IT was bound to happen. The political shenanigans of the campaign, the resulting internecine bloodletting and now the feeling that events are moving at a pace of their own. That must mean someone is writing a TV drama and it’s all about Brexit.

Playwright James Graham told the BBC he felt moved to write about “the new mood we’re living in which is very different, a bit scary, very divisive, very angry, very confused.” He may have hit the nail on the head there.

In the real world, if that’s the right phrase here, Brexit czar David Davis said access to the single market might necessitate the UK having to pay for the privilege.
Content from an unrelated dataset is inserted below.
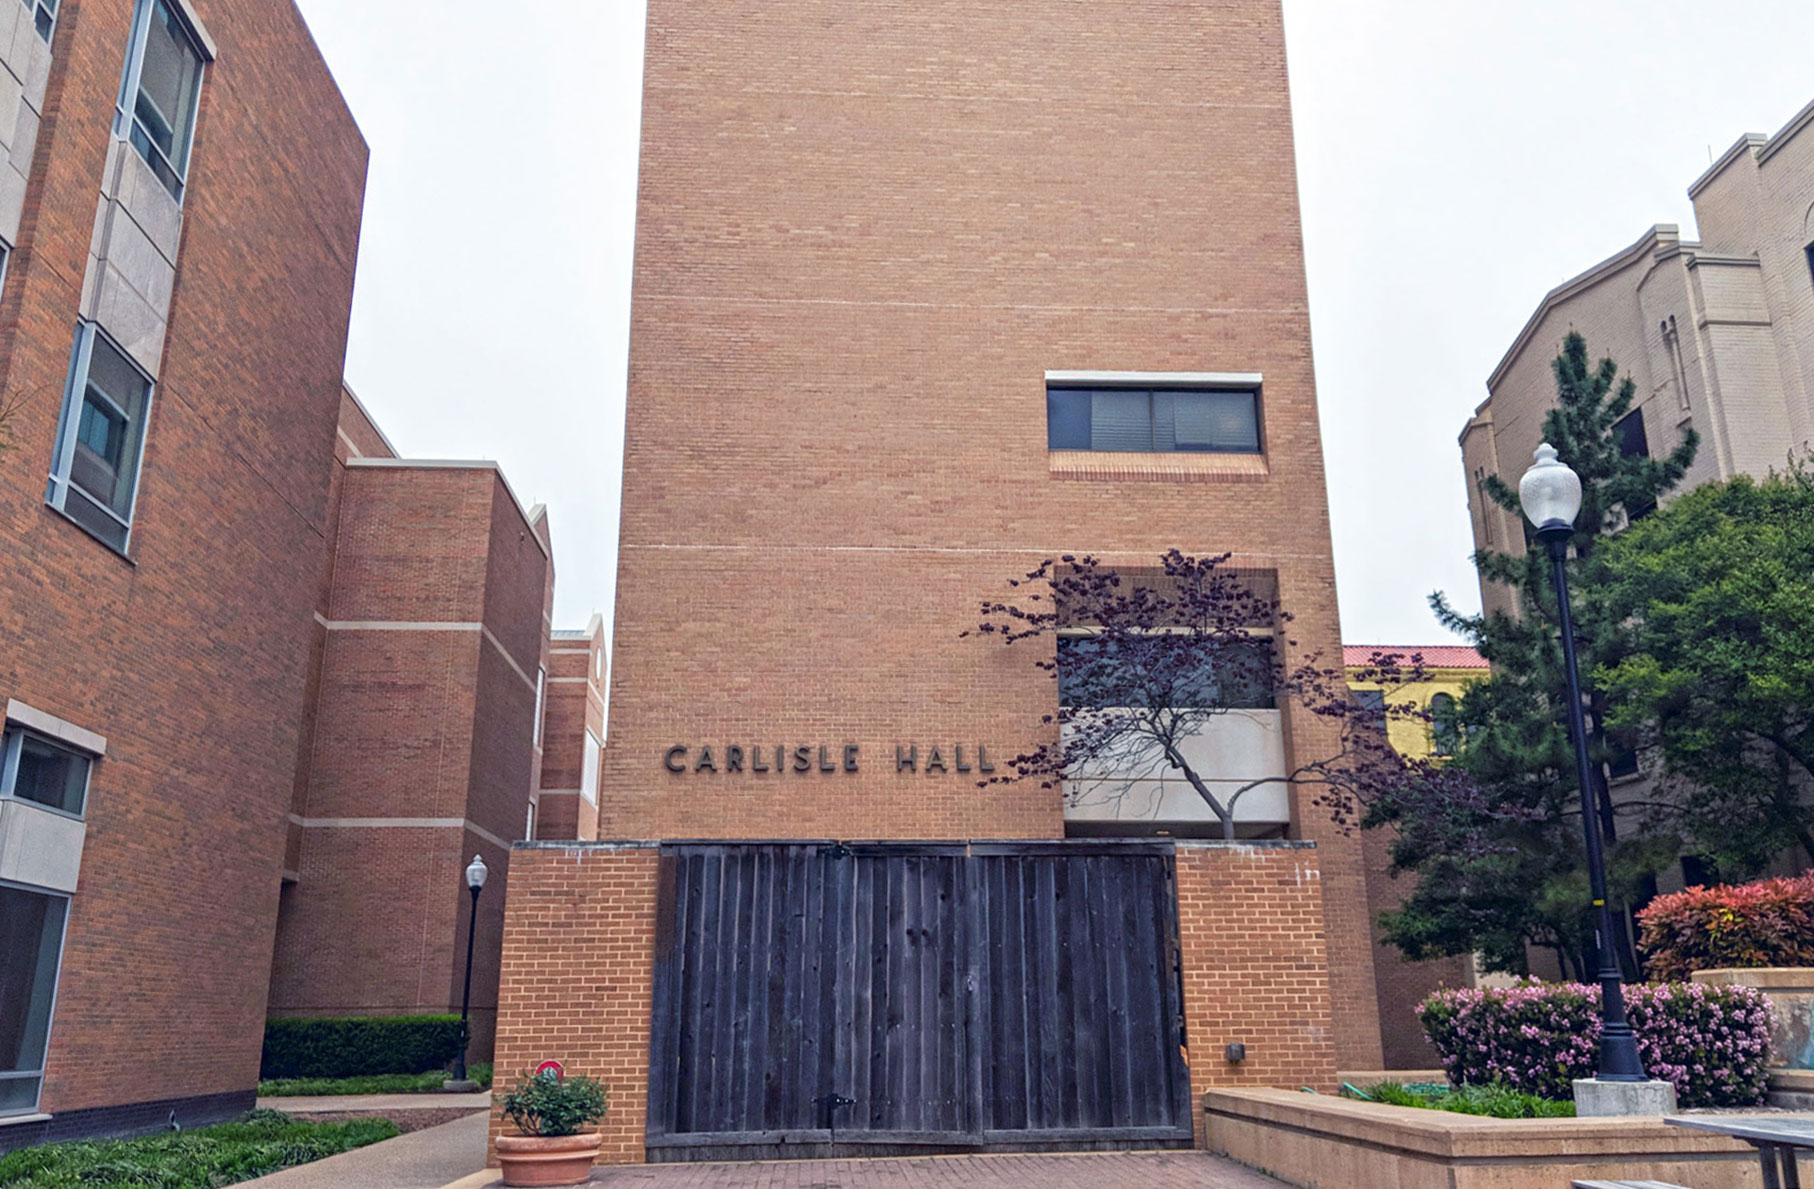 Carlisle Hall

That sparked a predictable outburst from one pro-Leave MP who said the British people would be “absolutely outraged” at the idea of paying up to £20bn a year to a club we’d just left.

Boris Johnson’s personal views whether uttered in public or private while holding one of the four most important offices of state, continue to puzzle most observers. While appearing to say he backed the free movement of people, he clarified it by saying it had got out of control and “we needed to take back control.”
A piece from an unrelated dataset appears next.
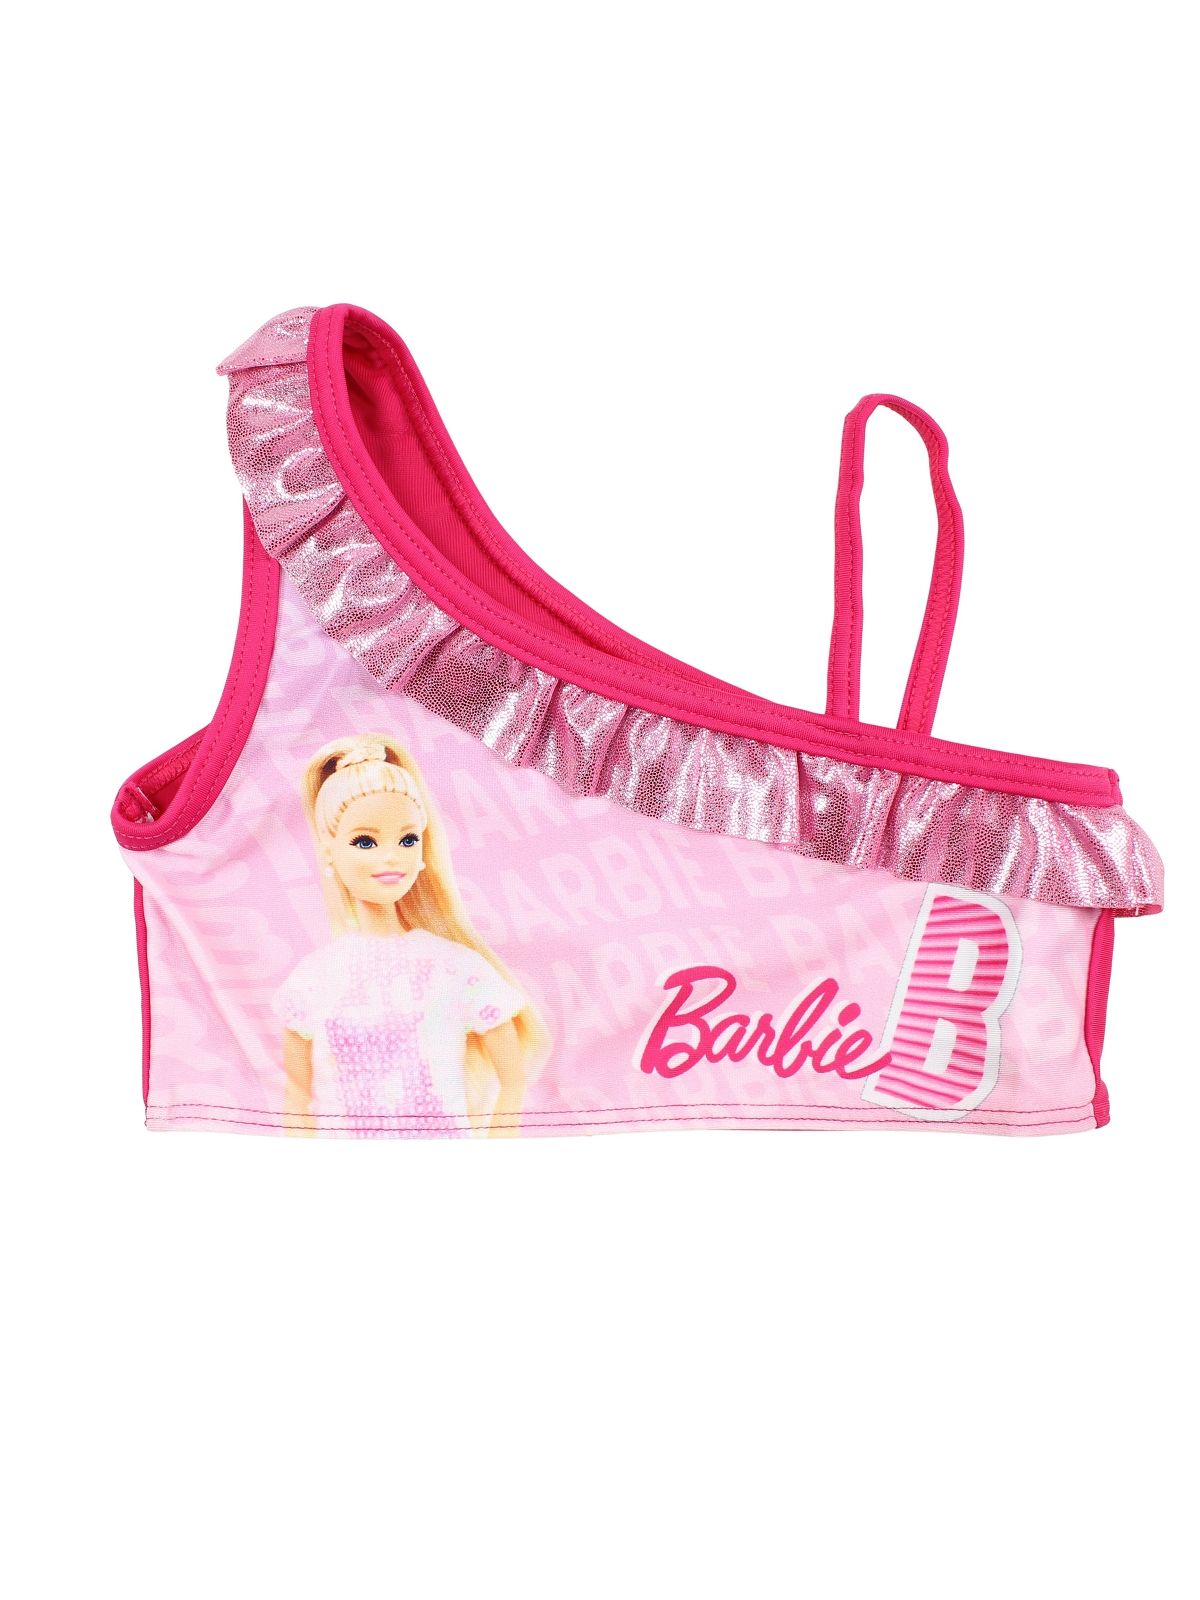 Barbie-zwempak.

His utterances have been described by the Dutch finance minister as “intellectually impossible and politically unavailable”.
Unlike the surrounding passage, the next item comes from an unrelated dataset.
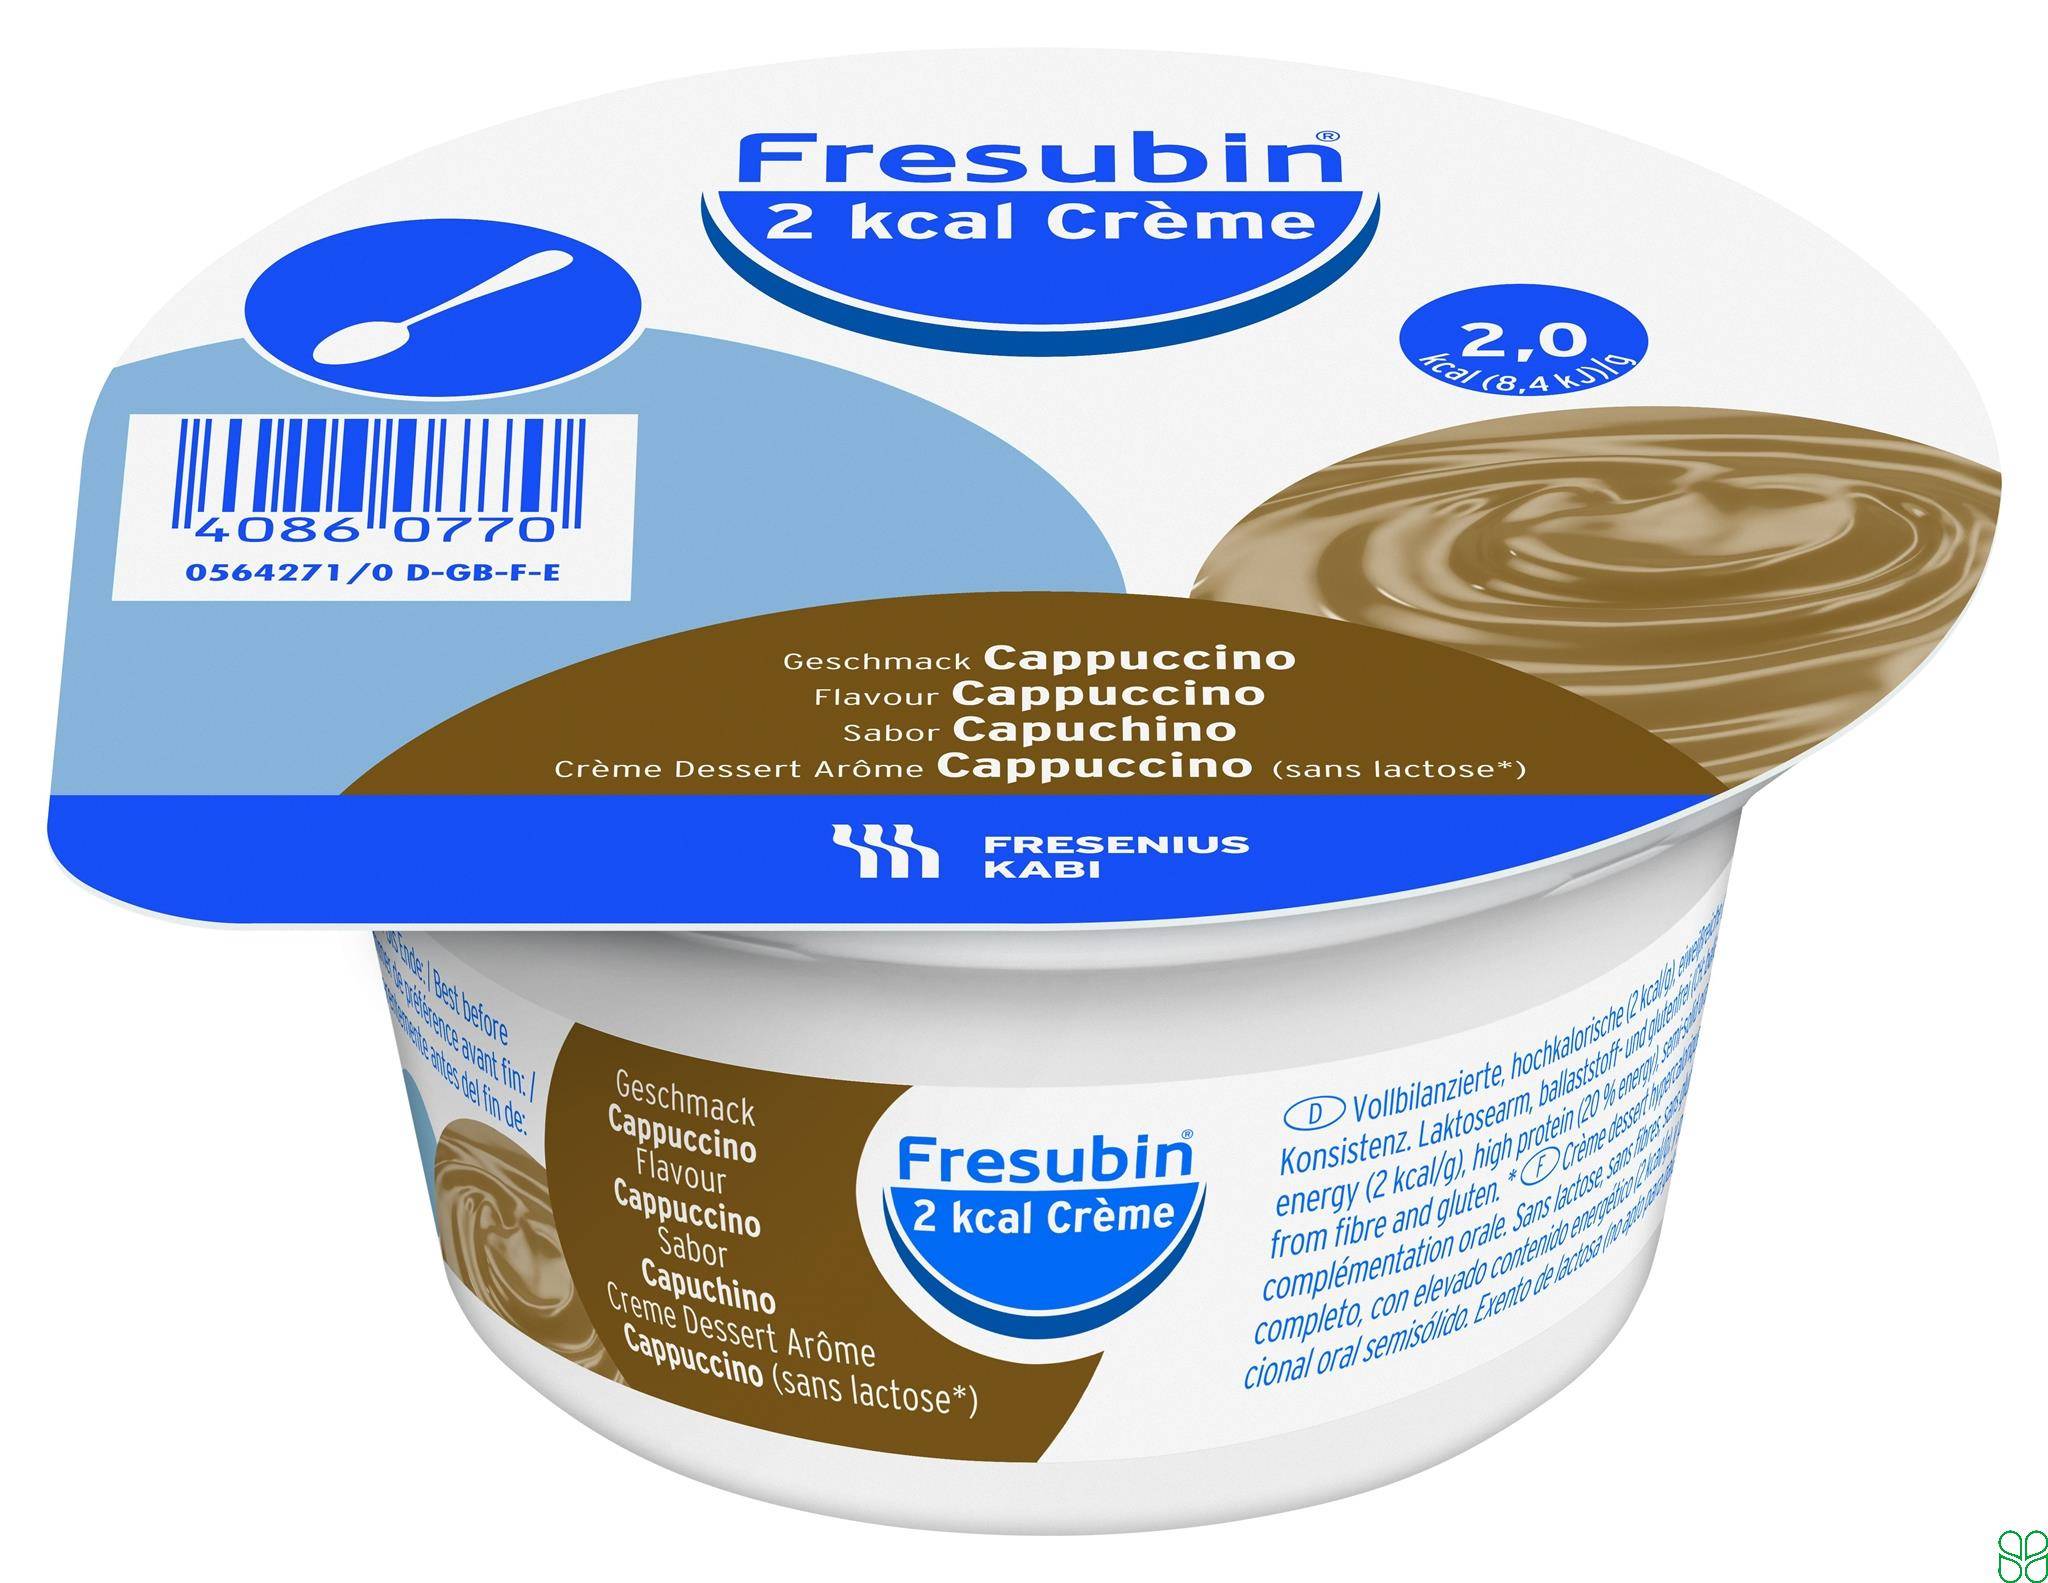 Fresubin 2 Kcal Creme Dieetvoeding Cappuccino 4x 125g

Some fear that across the Channel Europe’s stance on the impending Brexit talks could be hardening. Imposing curbs on immigration to the UK will not result in access to the single market, according to the incoming EU President, the Maltese PM, Joseph Muscat. Meanwhile an Italian minister said what was coming out of the UK “needs to be something that makes sense.”

It has also been a week in which a photographer’s lens alighted on something the civil service may wish he hadn’t seen. Carried by one Tory aide the handwritten notes appeared to say: “What’s the model? Have cake and eat it.” And as already mentioned in this paper, the government faces a fresh legal challenge based on Article 127 of the Agreement on the European Economic Area. This does mean though an acceptance of the EU’s so-called ‘four freedoms’:services and goods, capital and of course, people. 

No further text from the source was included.